Колин чокнулся с ней:
— Идет! За мое благородство и щедрость! Представляете? Отец будет работать всю ночь напролет! Как в старые добрые времена. Знаете, Пруденс, а вы ему понравились. Он доверяет вам не больше, чем я, но вы ему нравитесь. Мне кажется, он с удовольствием отбросил бы все сомнения на ваш счет. Увы, я так не могу.
— Я остануть в Питлохри, — сказала она. — Вам не обязательно везти меня в Эдинбург.
— А я-то думал, что у вас есть туристские замашки!
— Я могу посмотреть и Питлохри.
Колин состроил гримасу:
— Вы соберетесь и будете готовы завтра утром к десяти. Я всегда выполняю то, что велит мне отец.
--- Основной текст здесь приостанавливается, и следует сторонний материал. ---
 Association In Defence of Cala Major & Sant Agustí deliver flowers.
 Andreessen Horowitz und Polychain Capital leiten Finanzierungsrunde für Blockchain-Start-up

— Я не верю, но если это так, надеюсь, он наказал вам быть добрым ко мне.
Колин наклонился и прошептал ей на ухо:
— Честно говоря, да.
Затем легонько прикоснулся губами к ее щеке, а когда обнял ее за плечи, она прижалась к нему всем телом. Так они и сидели, тесно прильнув друг к другу, не разговаривая, лишь наблюдая, как в камине потрескивает огонь.
— Так лучше, чем спорить, правда? — наконец шепотом спросил Колин.
Пруденс посмотрела на него. Он прочел ответ в ее карих глазах и еще крепче прижал к себе. Она уткнула голову ему в грудь.
— Пока не начинаем разговаривать, с нами все в порядке, — сказала она.
— Точно подмечено! — откликнулся он. — Давай молчать.
И они еще долго сидели молча. Пруденс постаралсь отбросить все мысли и позволила себе расслабиться в объятиях Колина, испытывая огромное удовольствие.
Наконец, когда огонь стал затухать, он осторожно освободился.
— Я поднимусь наверх один, — произнес с еле заметной хрипотцой. — Если мы пойдем вдвоем, то окажемся в одной постели. Но не думаю, что каждый из нас готов к этому.